The prince’s deeply carved features relaxed into a look of amusement. “Perhaps my driver’s license will do?”
“I didn’t know princes had them.”
He sighed, suggesting that he had had this conversation more than once before. “We put our pants on one leg at a time just like everybody else.”
Don’t even go there, she warned herself, as images of the prince getting dressed in the morning sprang to her mind. He was a means to an end, finding out who she was. Once he told her what he knew about her background, their paths might never cross again.
Strange how disappointing the notion felt, although she told herself it was to be expected. He was a member of the Carramer royal family, for goodness’ sake. Once he had fulfilled whatever duty he had toward her, he wouldn’t involve himself with the personal concerns of an ordinary citizen, assuming she was one. She couldn’t suppress a feeling of anticipation at the prospect. For nearly two years after finding out that she was adopted, she had wondered where she fitted in. She had never considered that she might belong somewhere other than in America.
“Why are you taking such an interest in me?” she asked, giving voice to the thought she had suppressed since he singled her out for attention. “I’m not some royal love child, am I?”
“Are you always so persistent?” he asked, an edge in his voice.
Her throat dried. She had asked out of a perverse wish to provoke him, not because she thought that it could be true. Now she felt the ground shift under her again. What was so terrible about her background that he evaded her questions?
She twisted sideways, fixing him with her most imperious glare. He might be royal but she had been brought up as the daughter of wealthy parents. She wasn’t intimidated by him, and it was time he knew it. “I insist that you tell me what you know about my background.”
He seemed unmoved by her anger. “You’ll have your answers very soon. We have arrived at your accommodation.”

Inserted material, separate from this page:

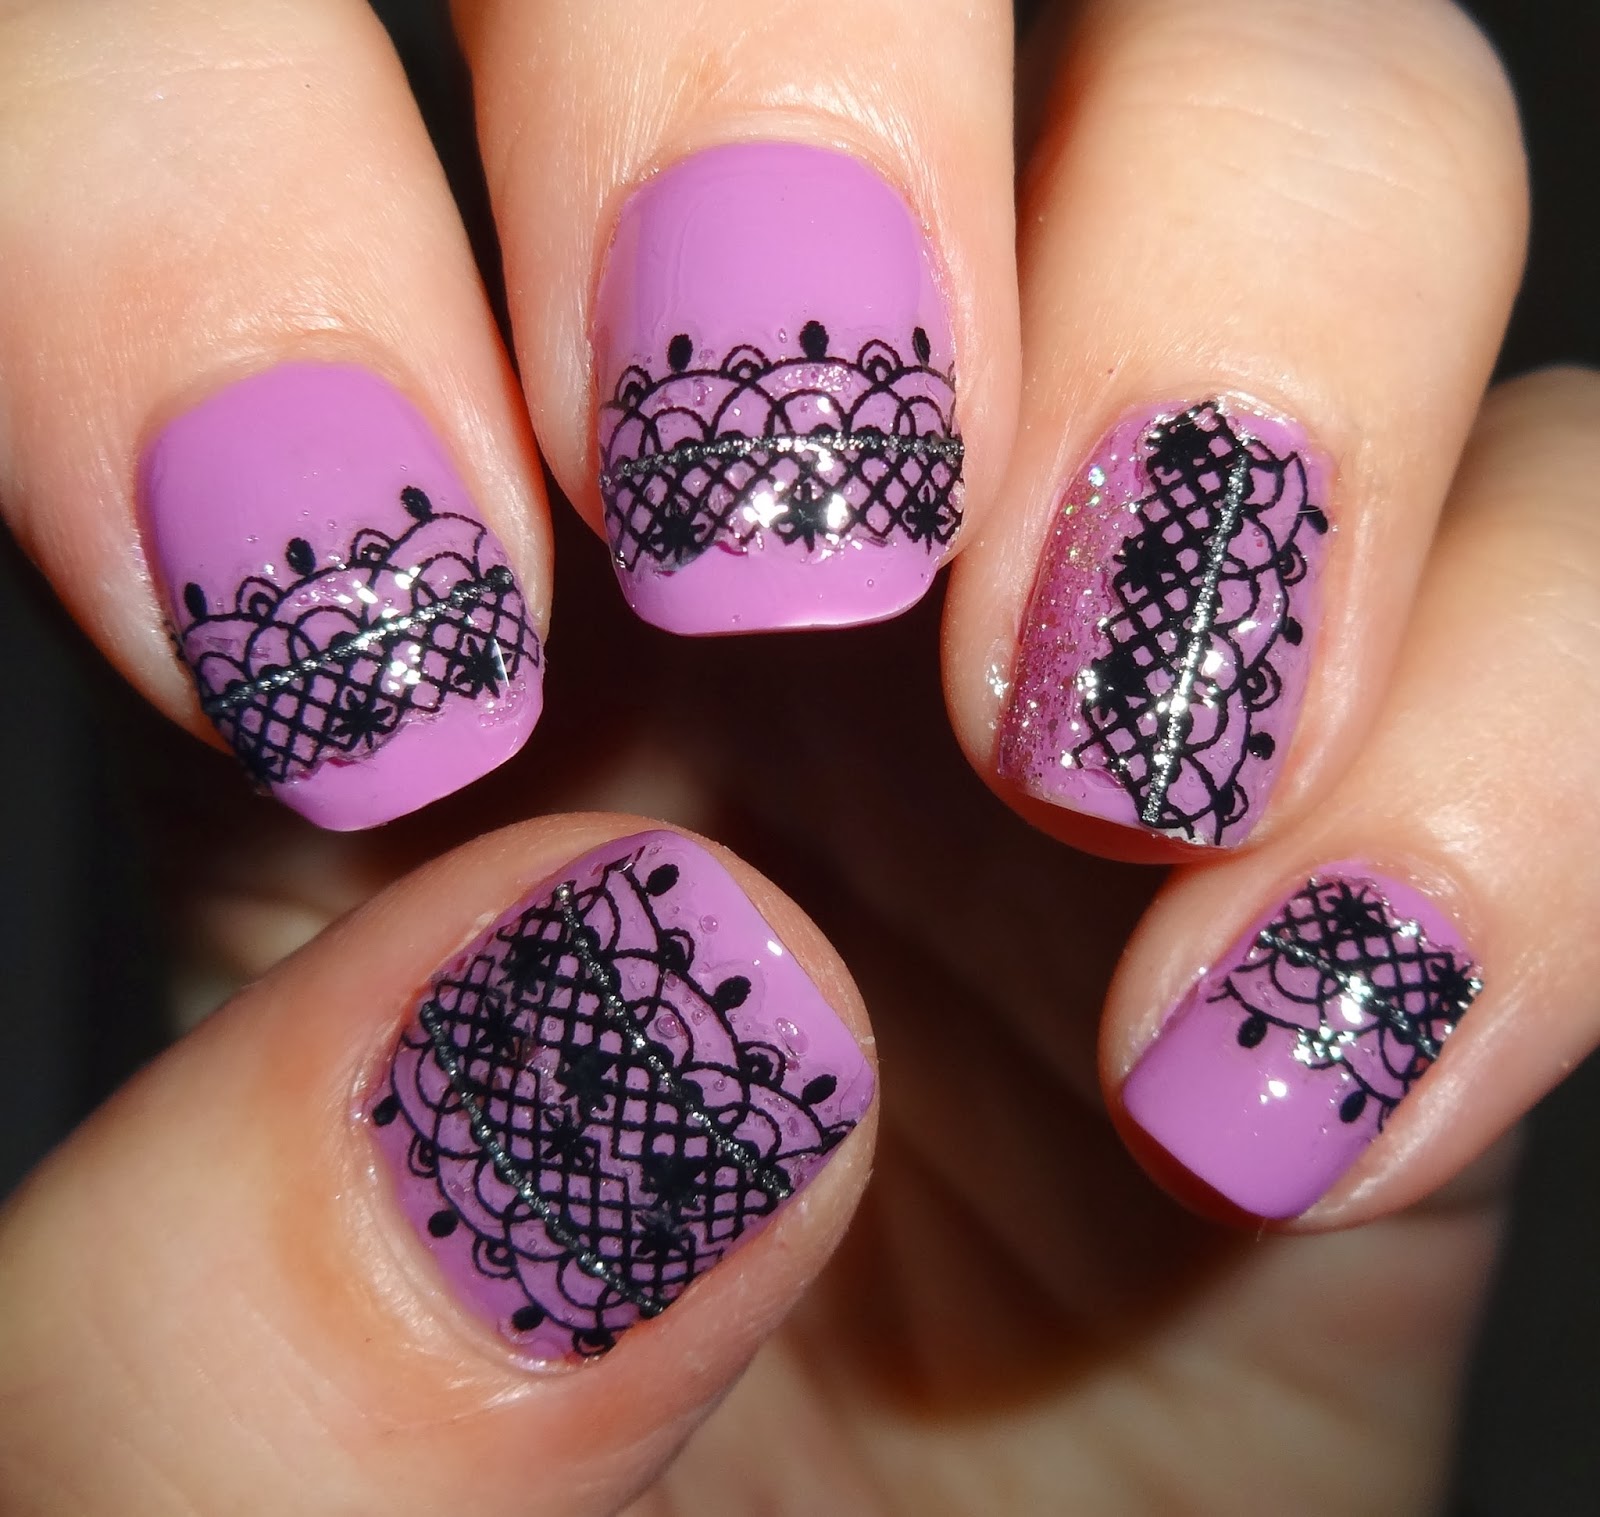 Wendy's Delights: Sparkly Nails Midnight Lace Nail Stickers

The car swung past a sentry box, a uniformed guard saluting as they drove between black wrought iron gates bearing enameled crests. The car continued along an avenue of ancient trees, through which she glimpsed palatial houses, suggesting that they had entered an exclusive enclave.
Before she could ask Prince Josquin, the car came to a halt beneath a sandstone portico. The building behind it was enormous, at least four stories high and spreading out in two wings for the length of a city block. By craning her neck she could make out a blue and jade flag fluttering from a mast atop a crenellated tower. Suspicion gripped her. “This doesn’t look like a hotel. It looks more like…”
“Château de Valmont,” the prince cut in smoothly. “Welcome home.”